Только вальяжная la vie parisienne оказала на нее несомненное благотворное влияние. Она уже как-то «подобралась», приосанилась и на пару лет омолодилась, как и положено стареющей красотке. Подкрепляя новый статус, ей сопутствовали солидные французские документы, которые правильнее всего было бы назвать ксивами, поскольку часть из них безусловно принадлежала к разряду фальшивок. К их числу относилась, прежде всего, подпись на оборотной стороне, представлявшая собой литеры «К» и «М», разделенные между собой сакральным супрематическим символом — черным квадратом на белом фоне.

Надо отдать честь доктору Андрею Накову — он указал, что эта подпись не является подлинной и «нанесена другой рукой» — «verso. inscr. d’une autre main». Этот изящный эвфемизм позволил ему определиться с авторством.

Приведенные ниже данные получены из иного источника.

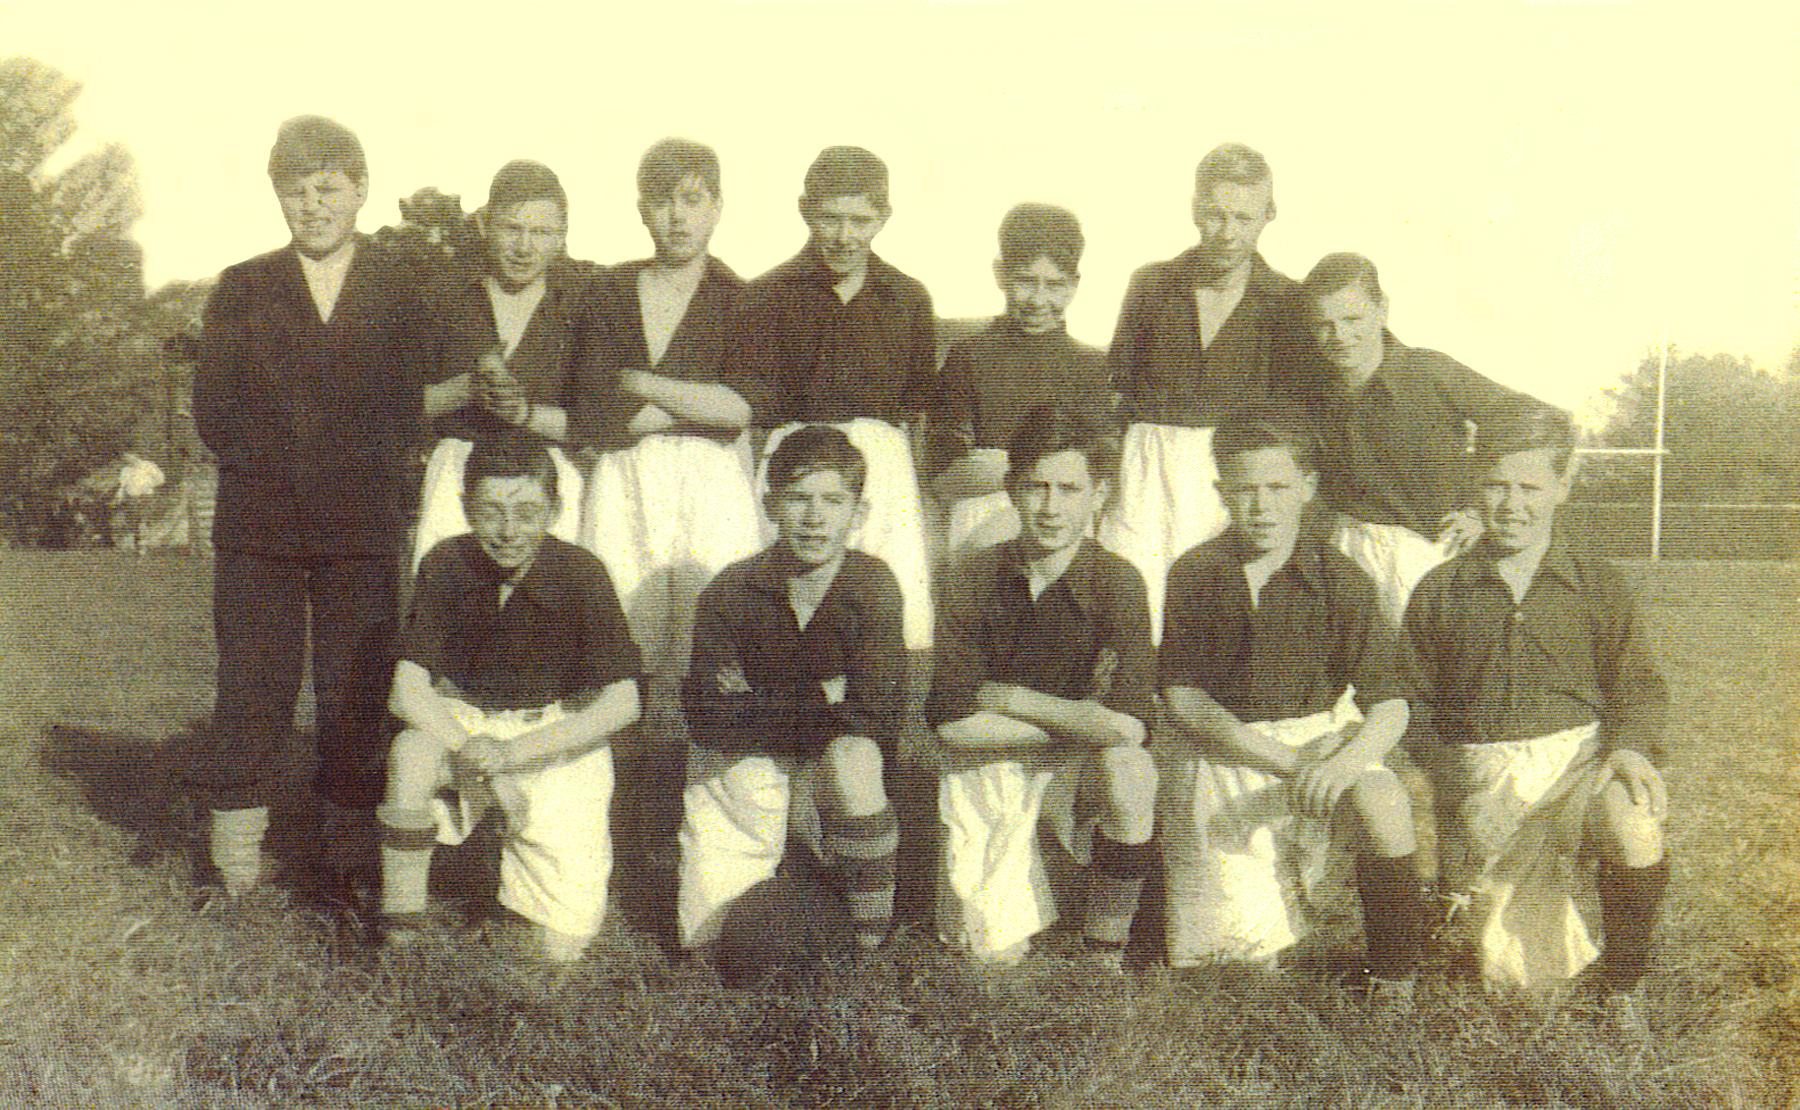 st-anthonys-boys-club-1946-47-1.jpg

Напиши он прямо — «поддельная подпись» — ив сложном атрибуционном процессе возникла бы неловкая пауза, способная повлиять на коммерческие перспективы. Также он обратил внимание на наличие различных надписей карандашом и шариковой ручкой на оборотной стороне холста и подрамнике, датировав их семидесятыми годами ХХ века, что полностью совпадало и с моими собственными воспоминаниями.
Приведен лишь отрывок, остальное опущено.